[Information shown — start]

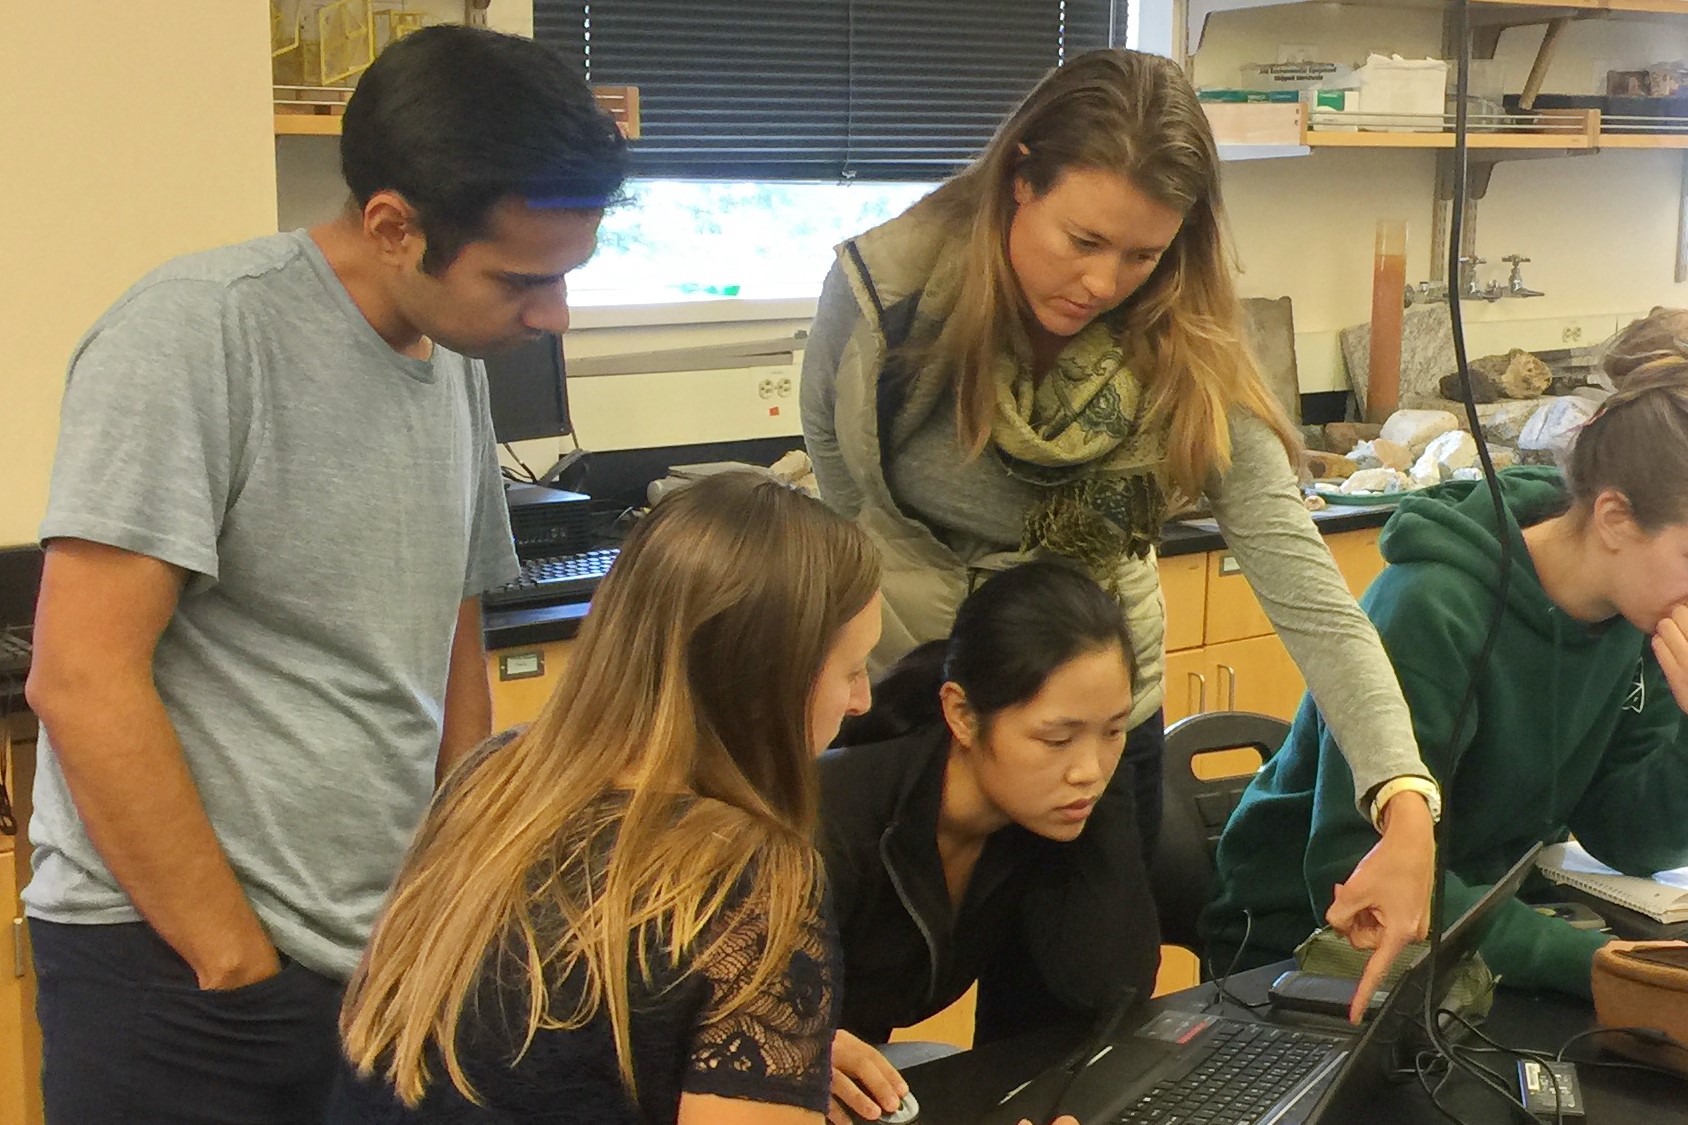 Environmental Science master's students collaborating on a computer in a science lab
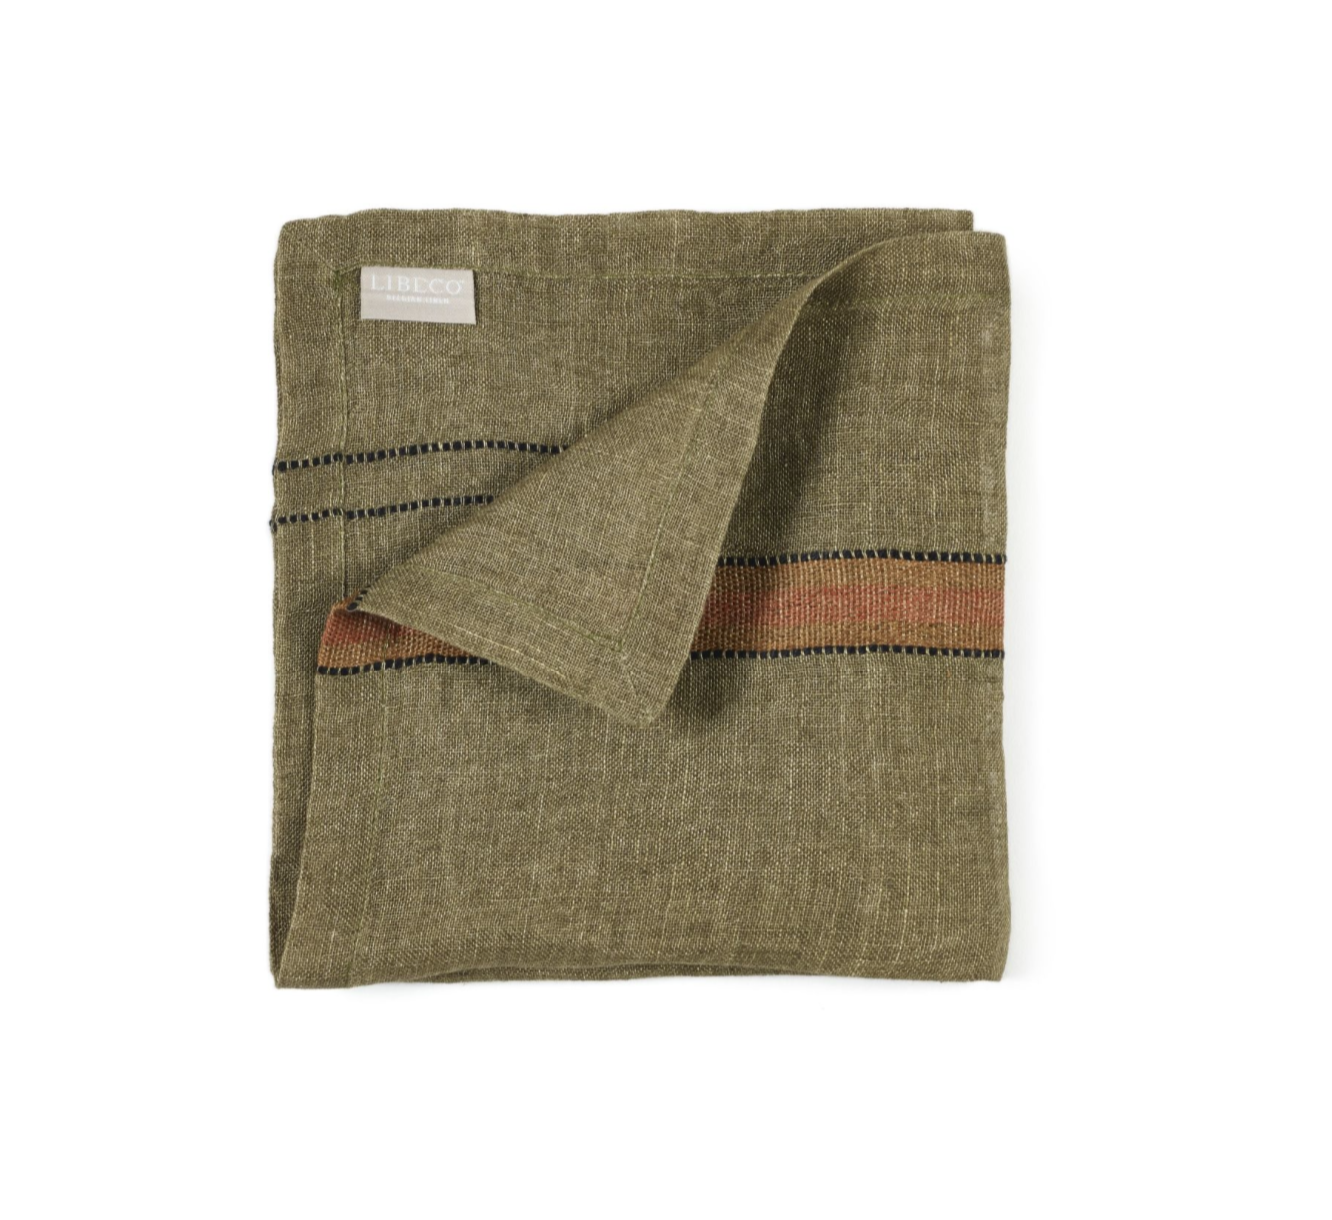 Marie Green linen napkins by Libeco
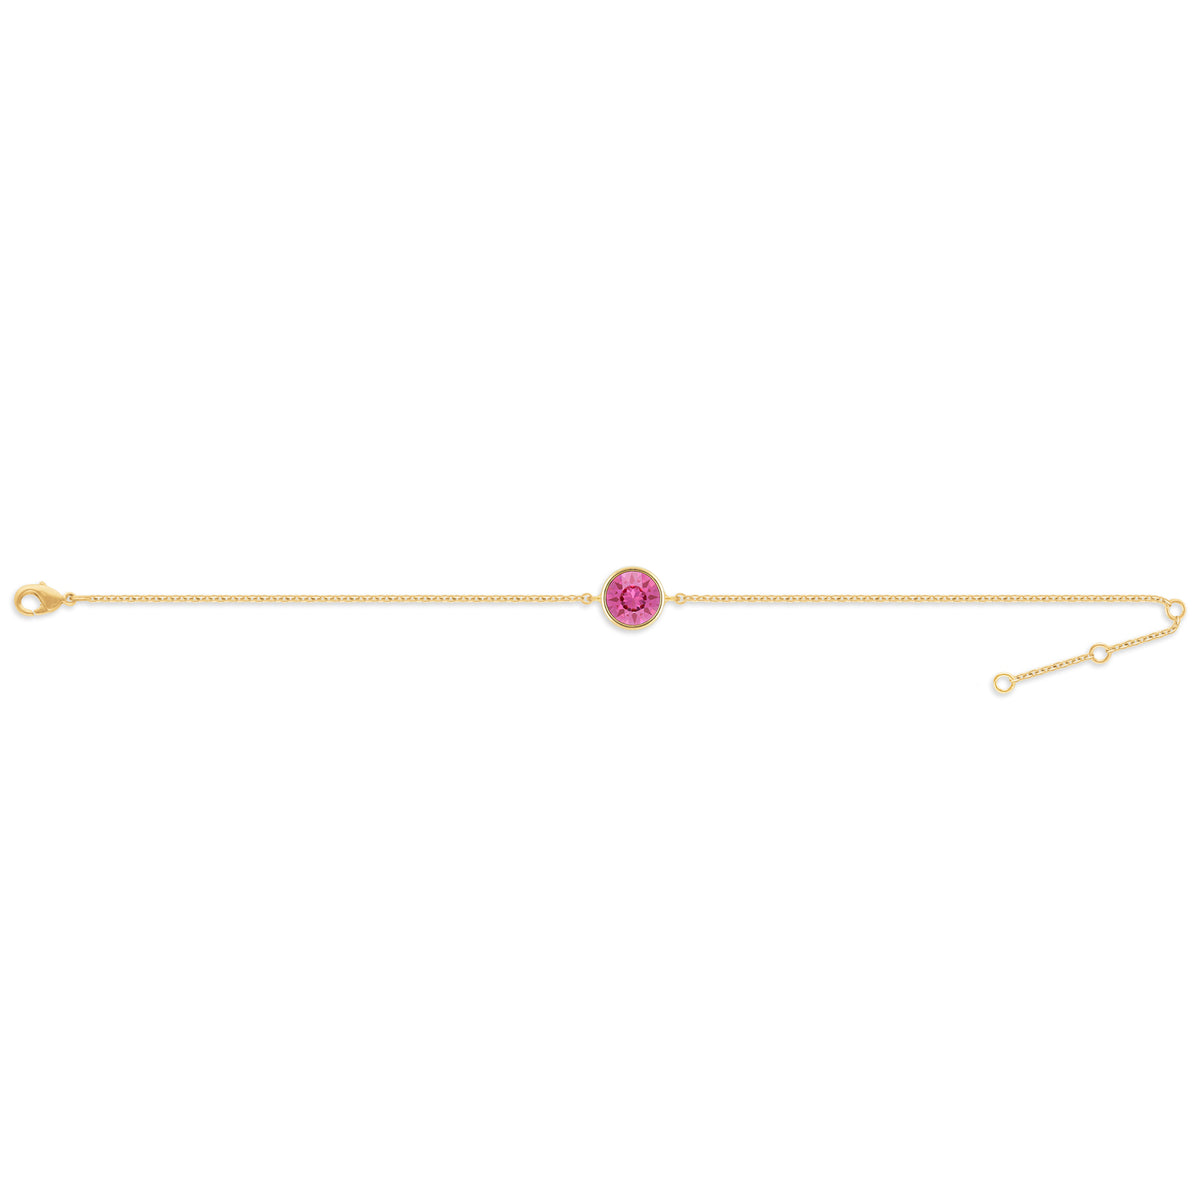 Harley Chain Bracelet with Pink Rose Round Crystals from Swarovski Gold Plated - Ed Heart
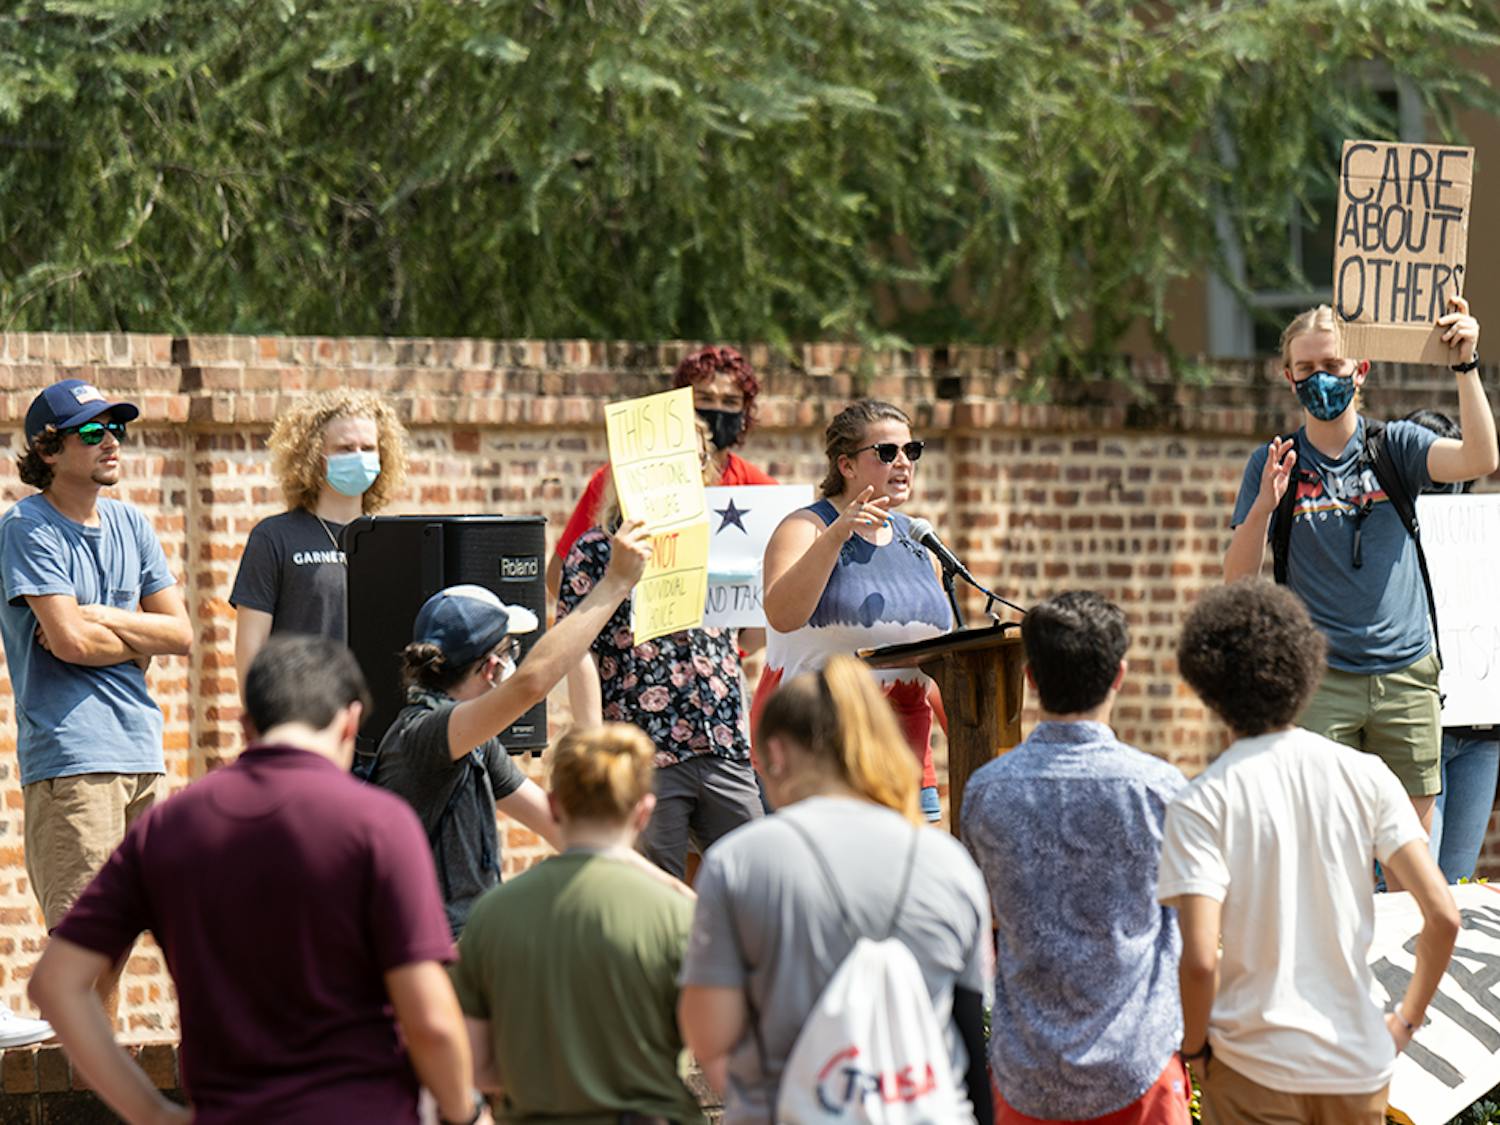 Members of the USC Turning Point USA chapter on Greene Street give speeches on their stance on the mask mandate. The Carolina Socialists counterprotested the speakers with their own opinions.&nbsp;
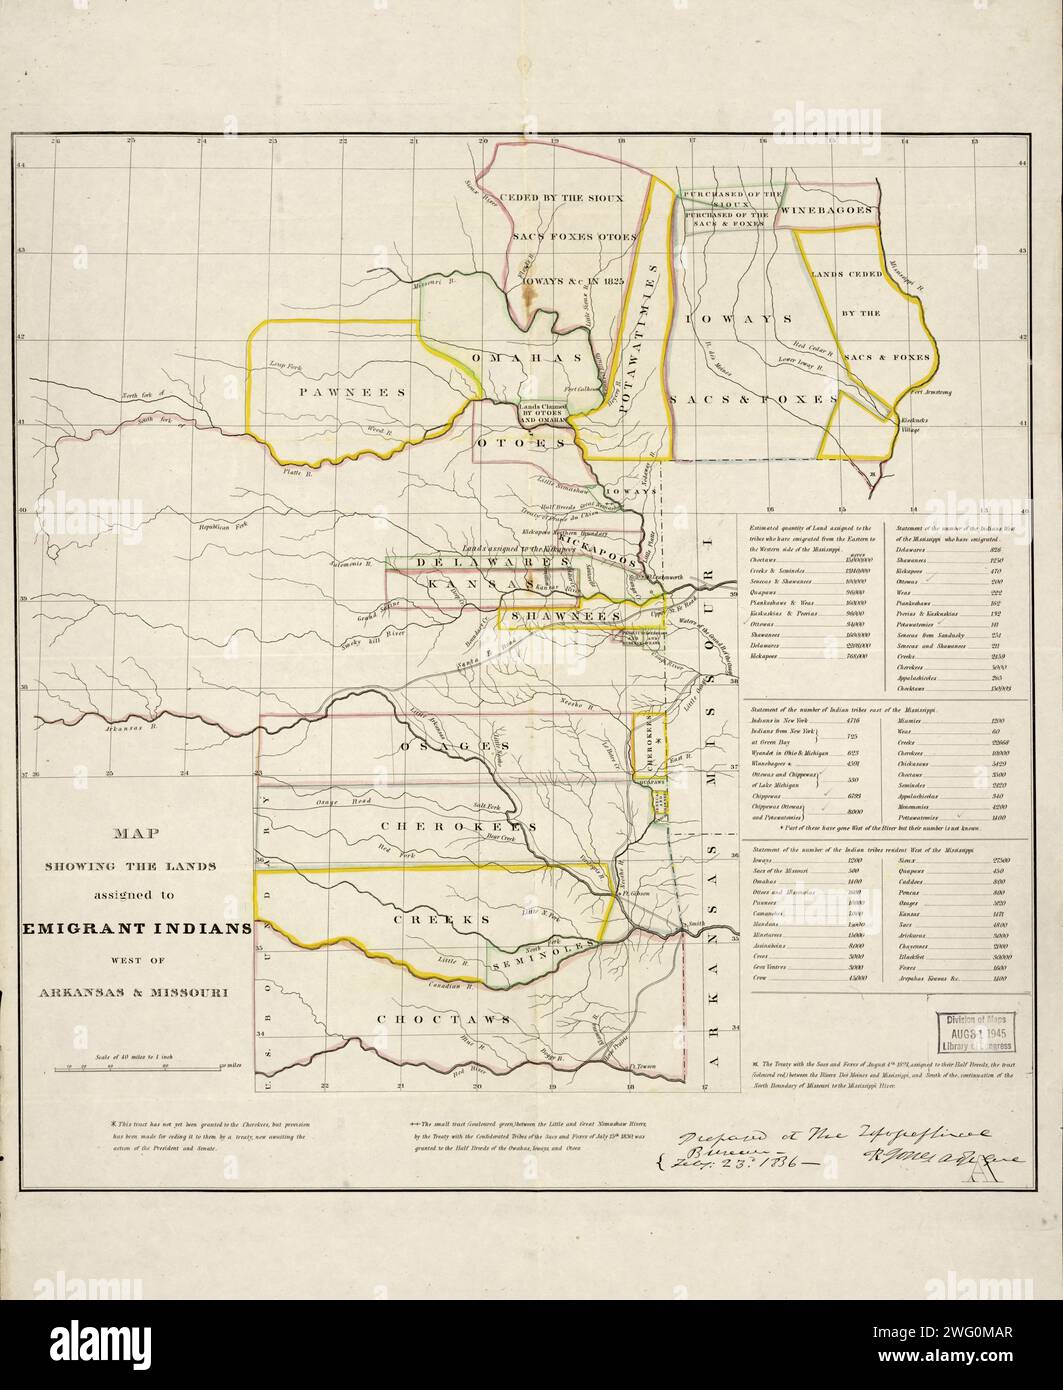 Map showing the lands assigned to emigrant Indians west of Arkansas and Missouri, 1836. Following passage of the Indian Removal Act in 1830, President Andrew Jackson implemented a policy of land exchanges and forced expulsion of the eastern Native Americans to regions west of the Mississippi River.  It  shows the approximate boundaries of the lands assigned to the relocated tribes in territories west of the Mississippi by 1836. Different shades of color are used to indicate the various tribes. The map also shows the southwestern border of the United States with Mexico, which at that time inclu Stock Photo

[Information shown — finish]

● **Exercise instructions**:
Up to and including the line with "Harley Chain Bracelet", repeat every line from the top of the entries exactly, but not the pictures.

● **Result below**:
 Environmental Science master's students collaborating on a computer in a science lab
 Marie Green linen napkins by Libeco
 Harley Chain Bracelet with Pink Rose Round Crystals from Swarovski Gold Plated - Ed Heart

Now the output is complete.